Mexicana Universal Baja California Sur
- Formation: 1994 (as Nuestra Belleza Baja California Sur) 2017 (as Mexicana Universal Baja California Sur)
- Type: Beauty Pageant
- Headquarters: La Paz
- Location: Mexico;
- Local Coordinator: Ignacio Arévalo

= Mexicana Universal Baja California Sur =

Beauty contest

Mexicana Universal Baja California Sur (until 2016 called Nuestra Belleza Baja California Sur) is a state-level contest in the state of Baja California Sur, Mexico, which selects the state representative for the national contest Mexicana Universal (formerly called Nuestra Belleza México), thus aspiring to represent the country internationally on one of the platforms offered.
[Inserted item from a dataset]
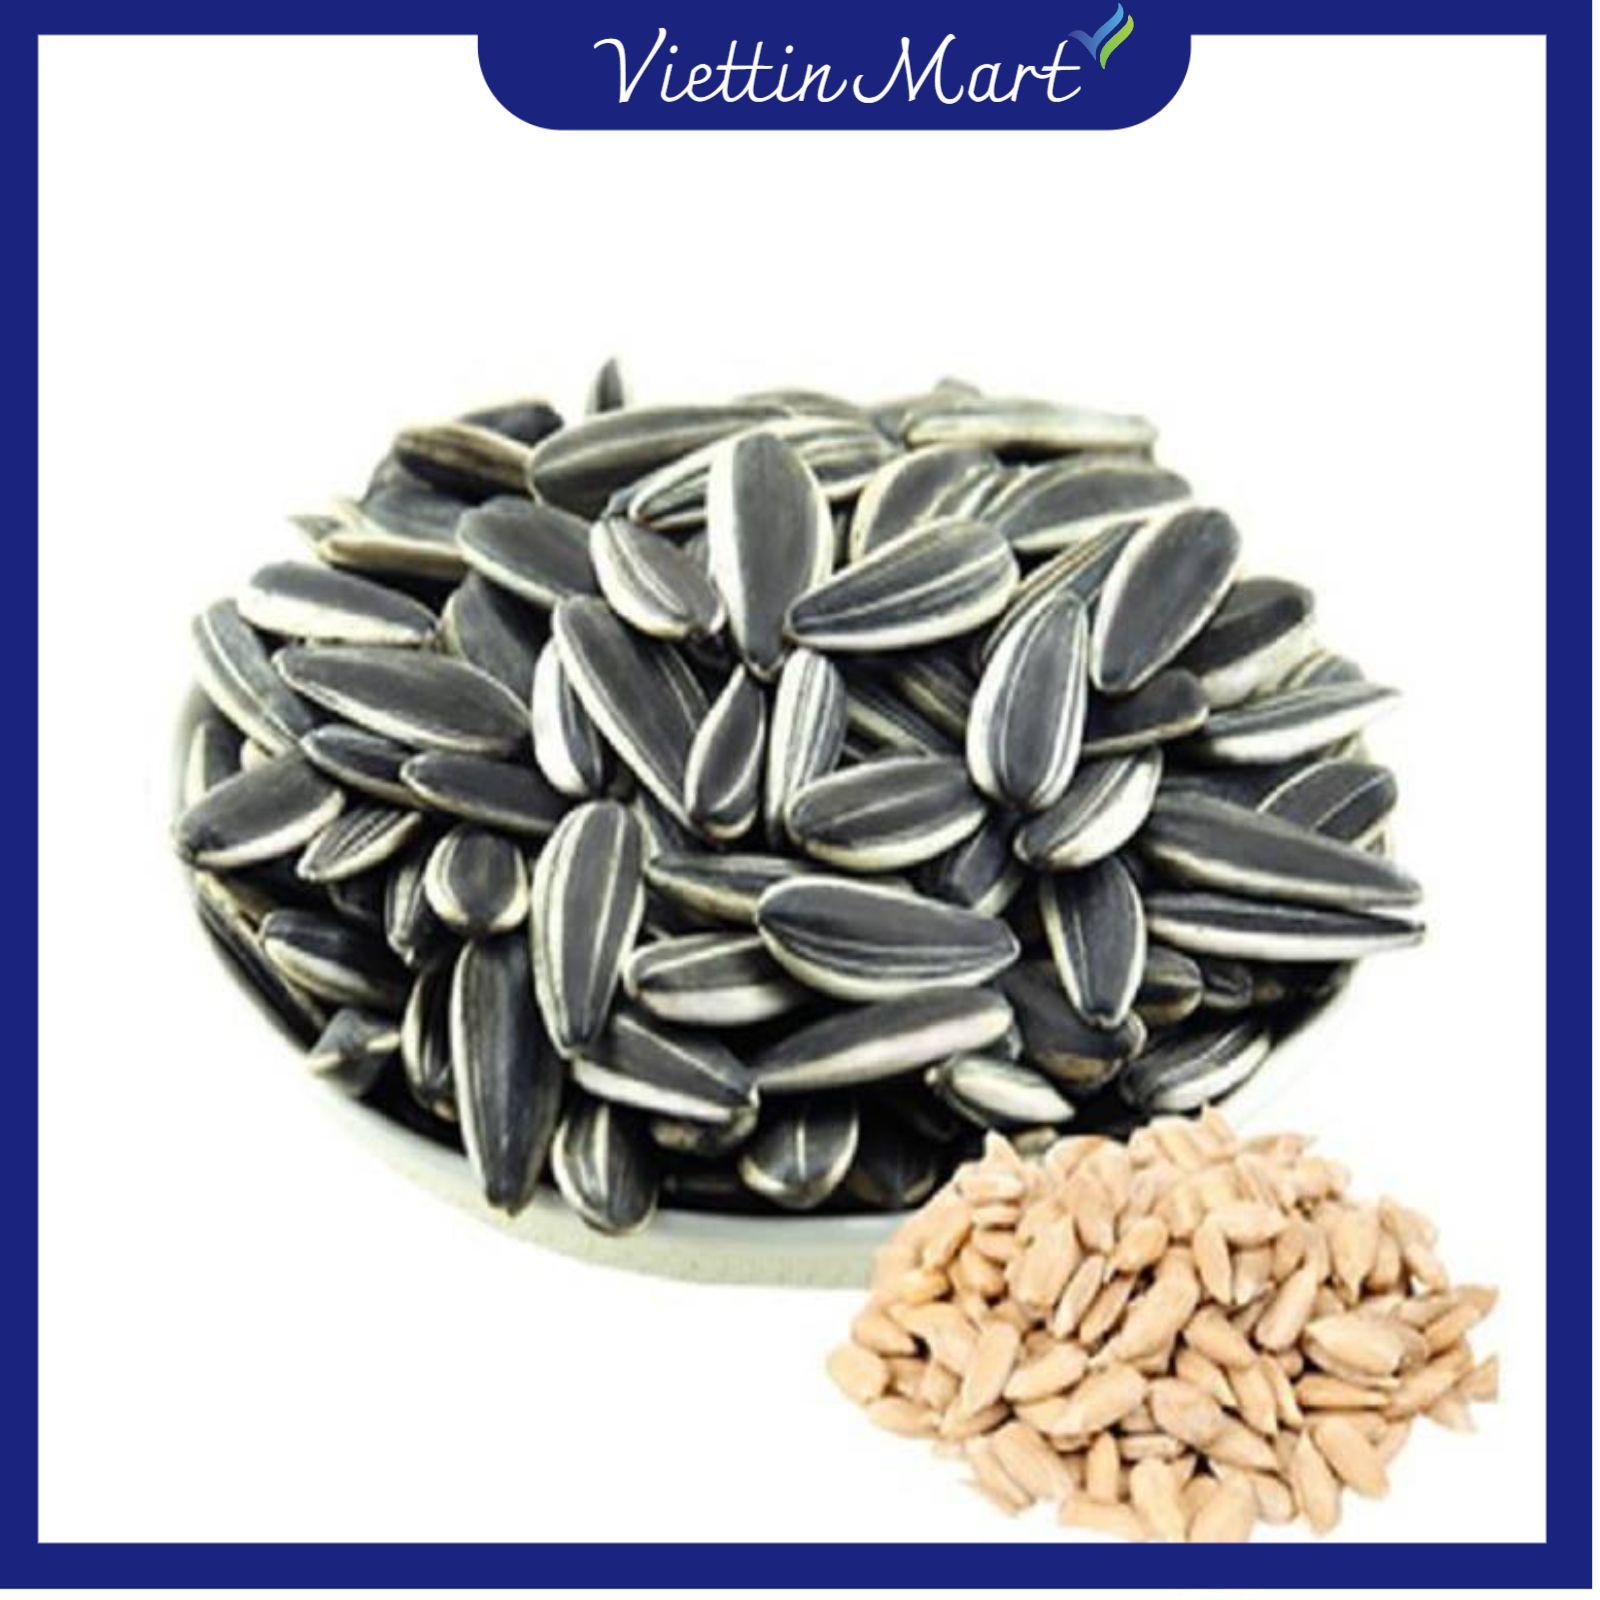 500g Hạt hướng dương - Viettin Mart, là một nguồn giàu kẽm, một ounce (tương đương 28g) hạt chứa hơn...
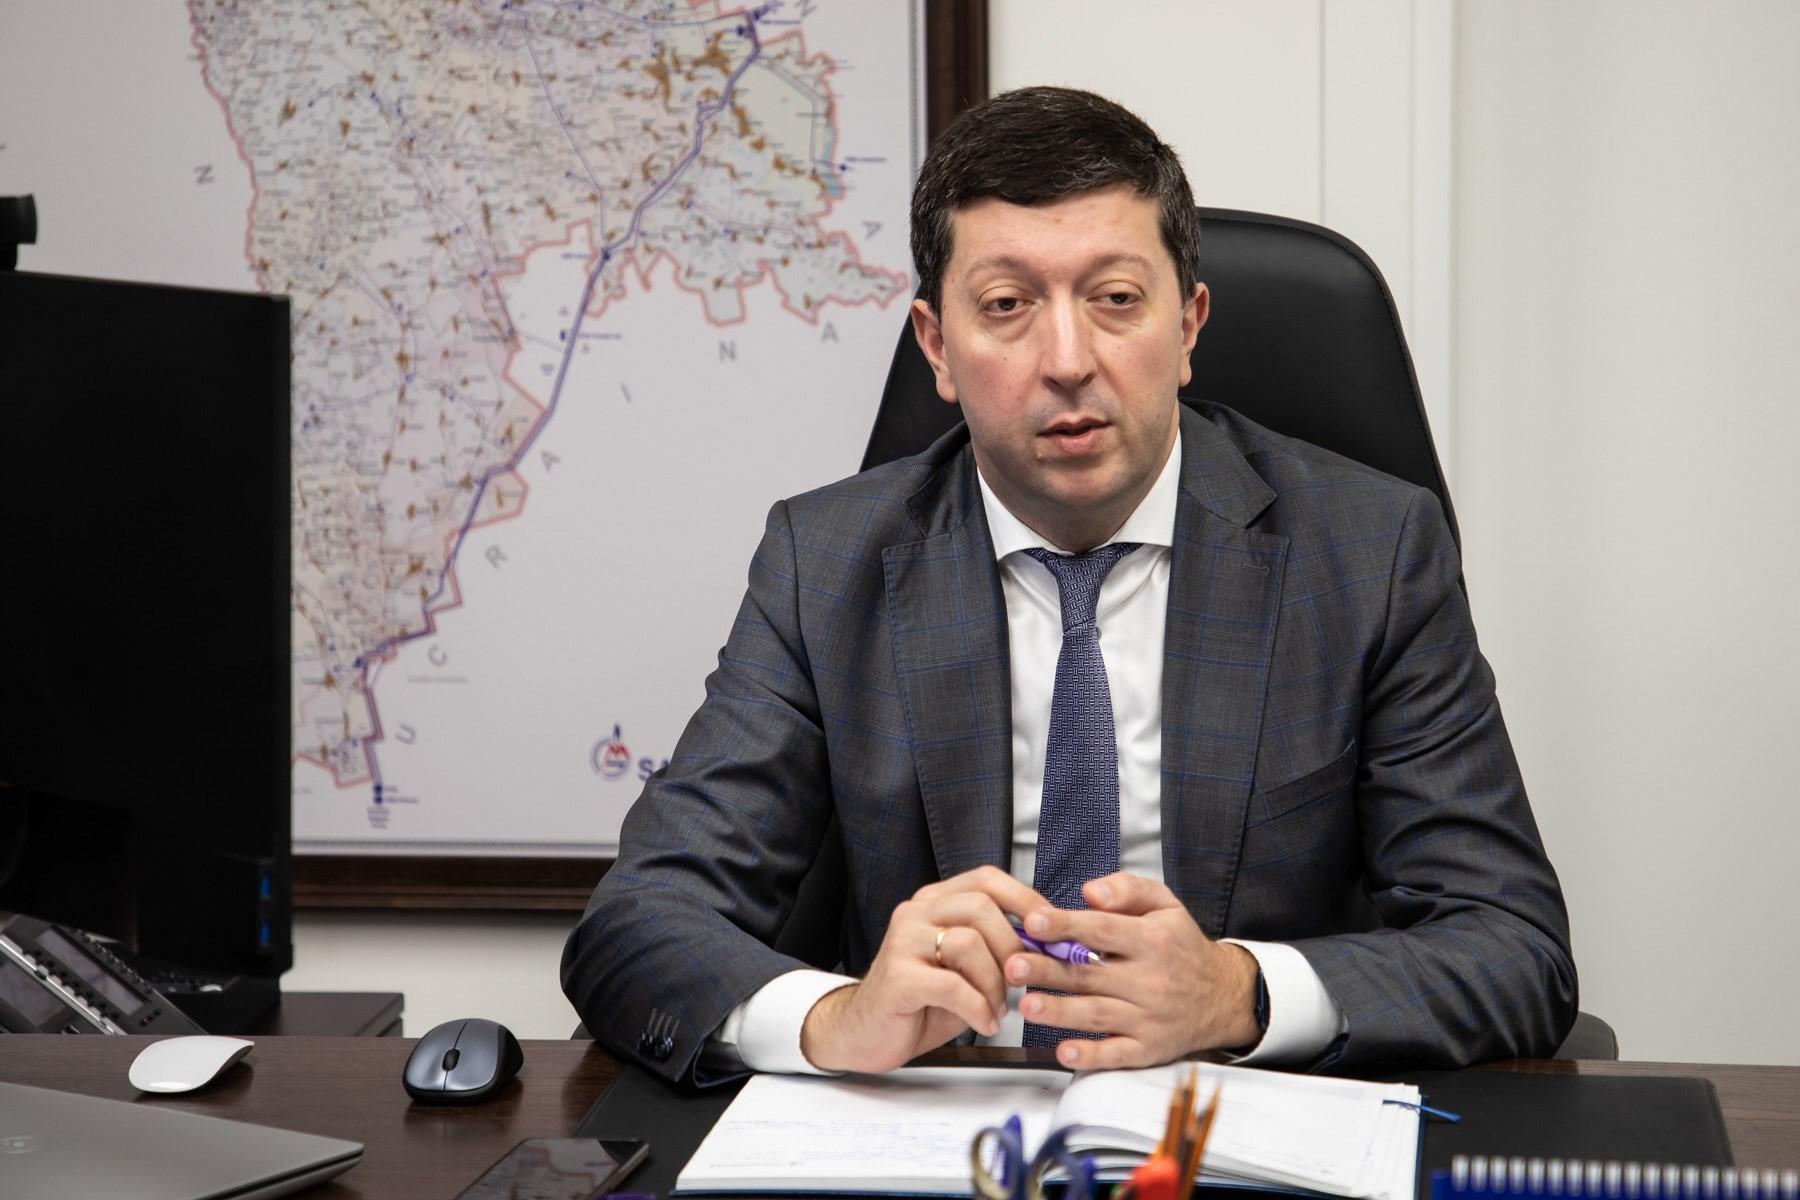 """În 2019, tariful pentru transportarea gazelor naturale a crescut de câteva ori. Cu ce este legată aceasta și care sunt efectele financiare? Răspunsul """"Moldovagaz""""!"""

The state organization has achieved the following results since 1994:
- Winner: 1 (2013)
- 1st Runner-up: 1 (2005)
- Top 10/11/12: 3 (1999, 2008, 2010)
- Top 15/16: 2 (2011, 2017)
- Top 20/21: 2 (2000, 2004)
- Unplaced: 22 (1994, 1995, 1996, 1997, 1998, 1999, 2001, 2003, 2006, 2007, 2009, 2012, 2014, 2015, 2016, 2018, 2019, 2021, 2022, 2023, 2025)
- Absences: 1 (2002)

== National Queens ==
- Josselyn Garciglia - Nuestra Belleza México 2013
- Jessica García-Formentí - Nuestra Belleza Internacional México 2012 (Designated)
- Karen Higuera - Nuestra Belleza Internacional México 2011 (Designated)
- Daniela Cosío - Reina del Café México 2006 (Designated)

==Titleholders==
The following are the names of the annual winners of Mexicana Universal Baja California Sur, listed in ascending order, as well as their results during the national Mexicana Universal pageant. State queens who represented the country in a current or past franchise of the national organization are also highlighted in a specific color.

Current Franchises:
- Competed at Miss Grand International.
- Competed at Miss International.
- Competed at Miss Charm.
- Competed at Reina Hispanoamericana.
- Competed at Miss Orb International.
- Competed at Nuestra Latinoamericana Universal.

Former Franchises:
- Competed at Miss Universe.
- Competed at Miss World.
- Competed at Miss Continente Americano.
- Competed at Miss Costa Maya International.
- Competed at Miss Atlántico Internacional.
- Competed at Miss Verano Viña del Mar.
- Competed at Reina Internacional del Café.
- Competed at Reina Internacional de las Flores.
- Competed at Señorita Continente Americano.
- Competed at Nuestra Belleza Internacional.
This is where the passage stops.